BorgWarner completes takeover of German battery firm Akasol

by John Shepherd
CEO Sven Shulz (right) and CFO Carsten Bovenschen to continue leading Akasol. Photo: Akasol
BorgWarner, the US-headquartered automotive supplier, has completed its acquisition of a majority stake in Germany-based battery manufacturer Akasol.

Akasol shareholders accepted the voluntary public takeover offer by ABBA BidCo, a BorgWarner subsidiary, for a purchase price of €120.00 (about £103) per share.

Akasol CEO Sven Schulz said the battery company will now look to expand in Europe, North and South America.

Carsten Bovenschen, Akasol’s CFO, said: "With BorgWarner as a strong partner on our side, we believe Akasol is well positioned to successfully realise the dynamic growth that we expect as our expansion course continues to gain momentum.”

Revenue boost

Bovenschen said the company could increase revenue for 2021 by up to 50% compared to last year – after posting a first-quarter tripling of revenue for 2021 to €24m, compared to the same period in 2020.

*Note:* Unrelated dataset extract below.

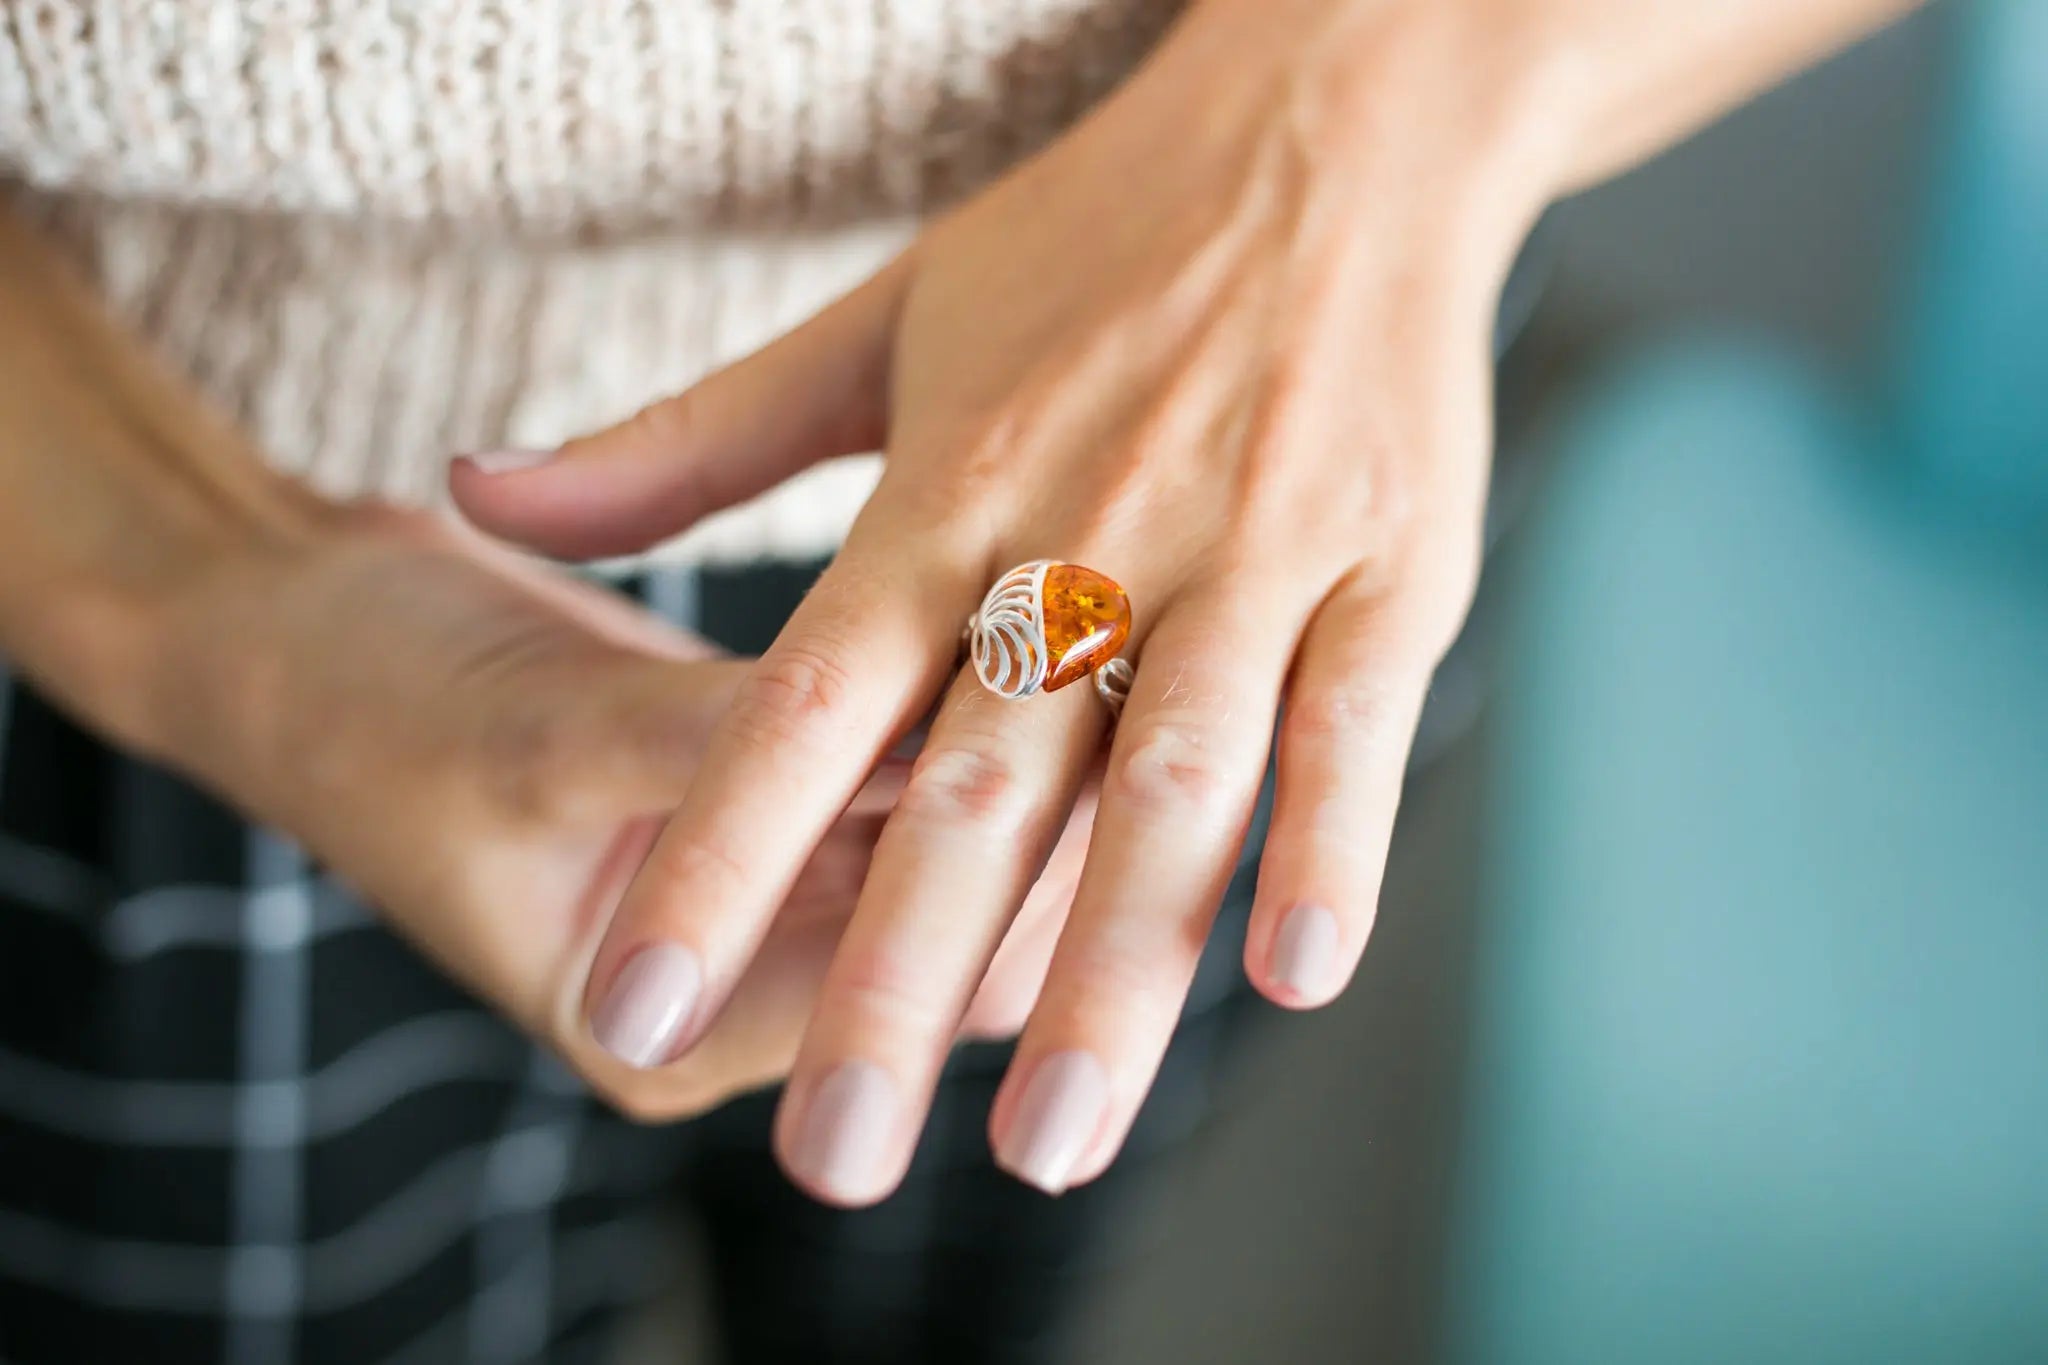 Shell Frame Amber Ring- Rings- Baltic Beauty

The planned acquisition of Akasol was announced earlier this year, in a deal that set the firm’s total enterprise value at around €754m.

Under the terms of the deal, Schulz will continue to lead Akasol, together with Bovenschen, all founders and the management team.

Akasol, headquartered in Darmstadt, designs and manufactures customisable battery packs for buses, commercial vehicles, rolling stock and industrial vehicles, as well as for ships and boats.

Schulz said last summer that Akasol had started delivering its second-generation AKASystem OEM PRC-type lithium-ion battery systems, made at its second serial production line. The line was commissioned at the company’s Langen plant, in the German state of Hesse, in early 2020.